Furthermore, one can evaluate the quality of GDP at summarizing information about well-being (as provided by the large set of the N original series) by assuming that the GDP is the leading component that summarizes well-being. Formally, this corresponds to assuming that GDP replaces the component loadings \(\varvec{A}_{J}(t)\), under the condition \(J=1\). With this assumption, one can obtain an alternative synthetic indicator (“synthetic GDP” henceforth) of the original time series as follows:

$$\begin{aligned} \varvec{\widehat{X}}_{G}(t) = \alpha \varvec{A}_{G}(t) \varvec{V}_{1} \end{aligned}$$

(6)

where \(\varvec{\widehat{X}}_{G}(t)\) is the \(T \times N\) matrix with the GDP-based synthetic series (thus the index G), \(\varvec{A}_{G}(t)\) is a \(T \times 1\) matrix with the Hilbert transform of the GDP series, \(\varvec{V}_{1}\) is the \(1 \times N\) eigenvector associated to the largest eigenvalue \(\lambda _{1}\) and \(\alpha \) is a rescaling factor measuring the deviation scalar from the dominant eigenvector.⁷

Once the synthetic indicators \(\varvec{\widehat{X}}_{J}(t)\) and \(\varvec{\widehat{X}}_{G}(t)\) are available, one can evaluate the quality of the matching with the original indicators \(\varvec{X}(t)\). For that, we use the root mean squared error (RMSE) and the Hilbert correlation coefficient between the complexified series.⁸ Other more complicated alternatives are possible, for example the dynamic time-warp (DTW). However, it is not the aim of this paper to evaluate the quality of different similarity measures.

3 Empirical Application

We employ 39 different time-series indicators capturing economic, environmental, social equity and demographic dimensions.⁹ Some of the indicators available in our analysis are also the loading components of the OECD better life index OECD (2011) and of the UNDP (2022) report. But one of the main limitations of the Better Life Index (recognized also by the authors) is that it is a cross-sectional index, incomparable over time. Therefore, in our analysis we only include those variables that can be consistently observed over a sufficient amount of periods (e.g., life expectancy at birth, infant mortality rates, ...), together with other variables excluded from the above mentioned well-being metrics, but that possibly relate to production of goods and services (e.g., energy consumption, housing prices, gender pay gap, ...). This allows us to compute the correlation of the principal component with the main univariate indexes often taken as indicators of national development and well-being also accounting for time delays.

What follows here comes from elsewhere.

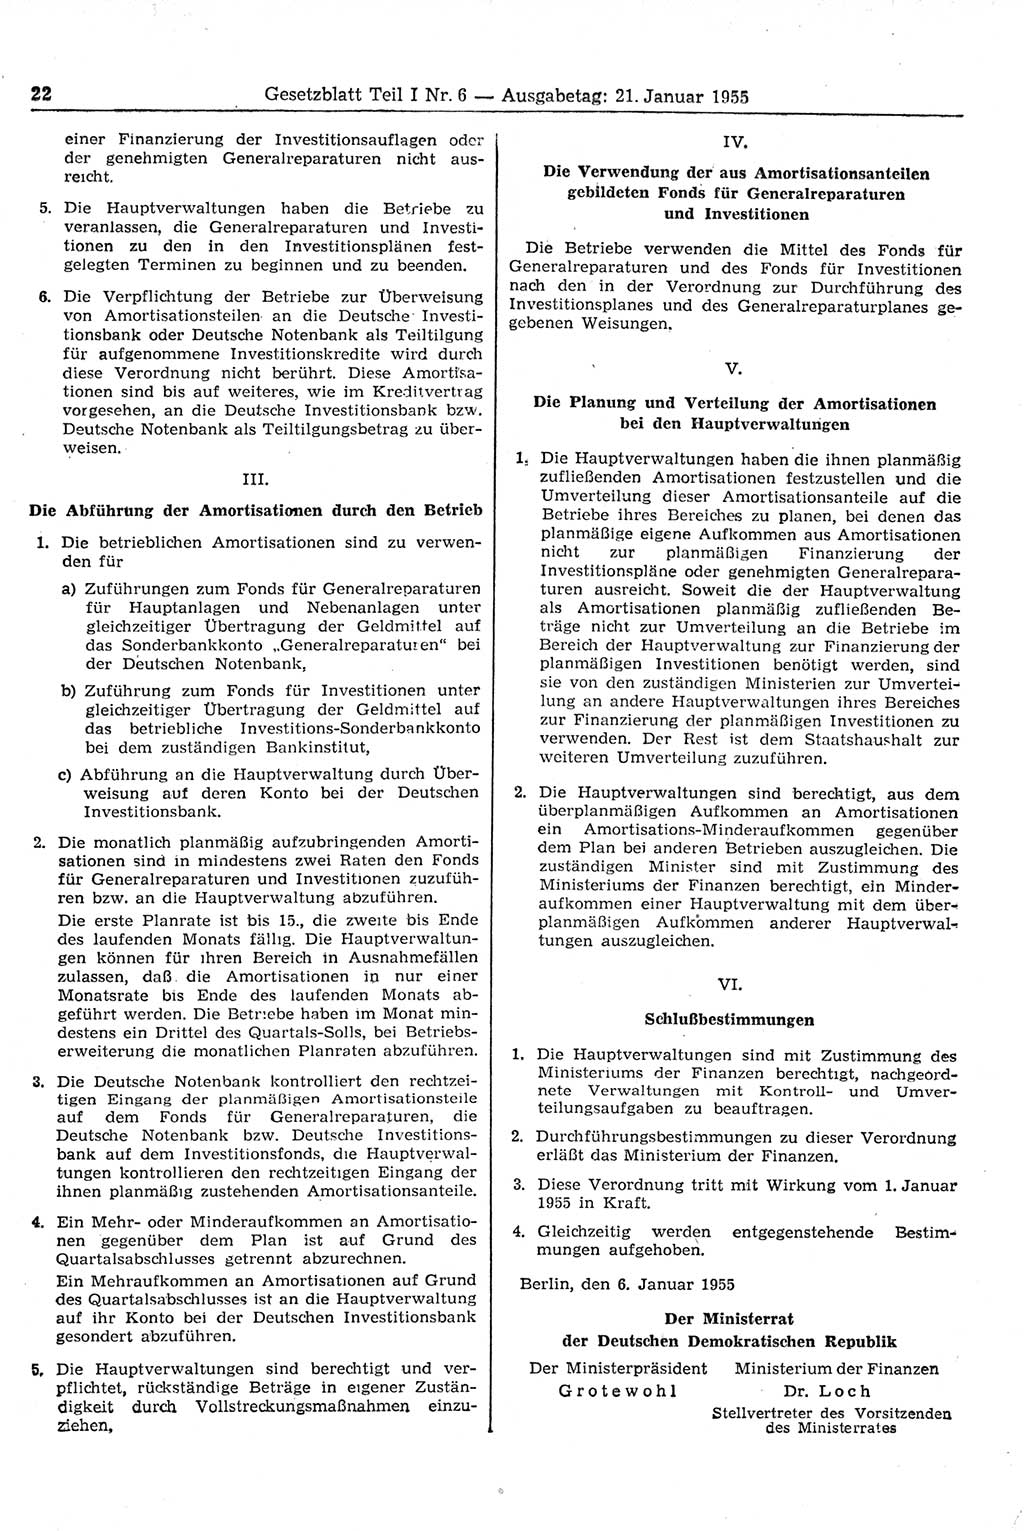 Gesetzblatt (GBl.) der Deutschen Demokratischen Republik (DDR) Teil Ⅰ 1955, Seite 22 (GBl. DDR Ⅰ 1955, S. 22)
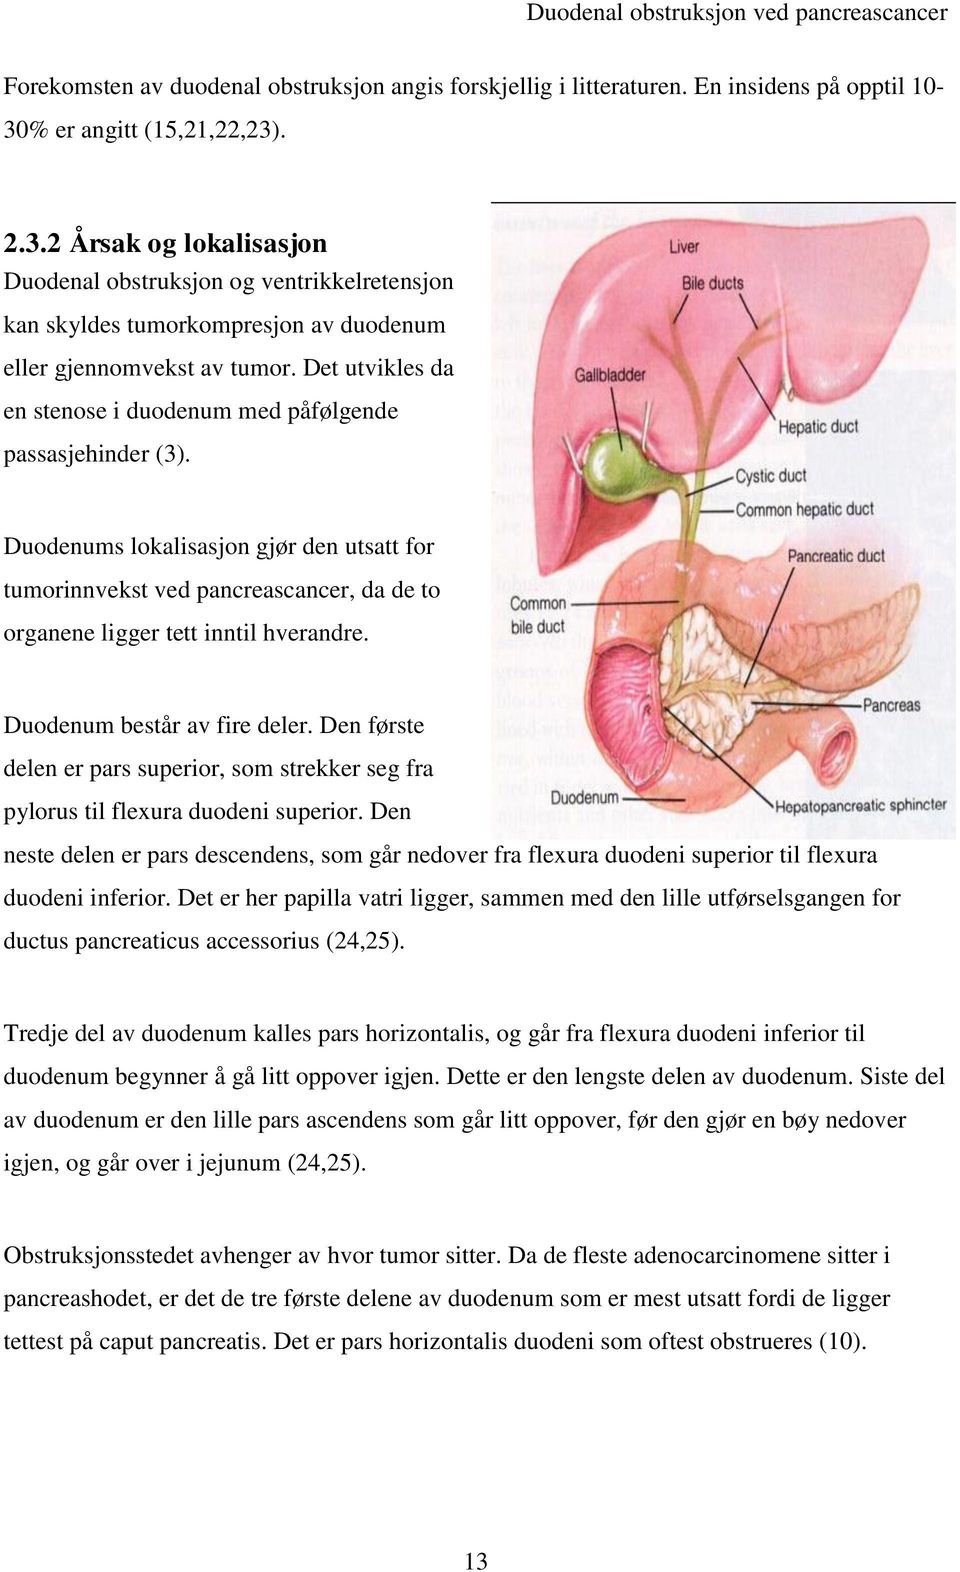 Det utvikles da en stenose i duodenum med påfølgende passasjehinder (3). Duodenums lokalisasjon gjør den utsatt for tumorinnvekst ved pancreascancer, da de to organene ligger tett inntil hverandre.

All the indicators are sampled at annual frequency and cover the 1995–2015 period forming a balanced panel dataset for each country. Over the cross-section dimension, our analysis is performed on nine different advanced OECD economies.¹⁰ The panel dataset format and the variable measurement, together with the normalization, ensures a perfect comparability between the sampled countries.

After having transformed the indicators into stationary series by means of the first difference transformation, we apply the generalized PCA and the RMT procedures to test for the statistical significance of the estimated principal components. For most countries (all but Great Britain) we find that only the largest eigenvalue exceeds the RMT upper bound. This implies that one can significantly summarize a certain fraction of the data variance by means of a single variable. In particular, the fraction of variance captured by the first principal component is called the absorption rate and is reported in Table 1 (second column for all the four sub-tables). The leading principal component explains between 30% and 43% of the total variance provided by the original 39 series for the nine considered economies. Spain (ESP) displays the highest absorption rate (42.58%) whereas Germany (DEU) the lowest one (30.25%). In addition, Great Britain is the unique country for which the leading component is not statistically significant.¹¹

Overall, measuring well-being only by means of the best linear univariate predictor, represented by the leading component, one would lose about 57% to 70% of the overall information embedded in the series of the original indicators. This is a relevant amount of the total variation and points toward the failure of any univariate measure to account for the complex and multifaceted relationships between all the different indicators pertaining to different domains.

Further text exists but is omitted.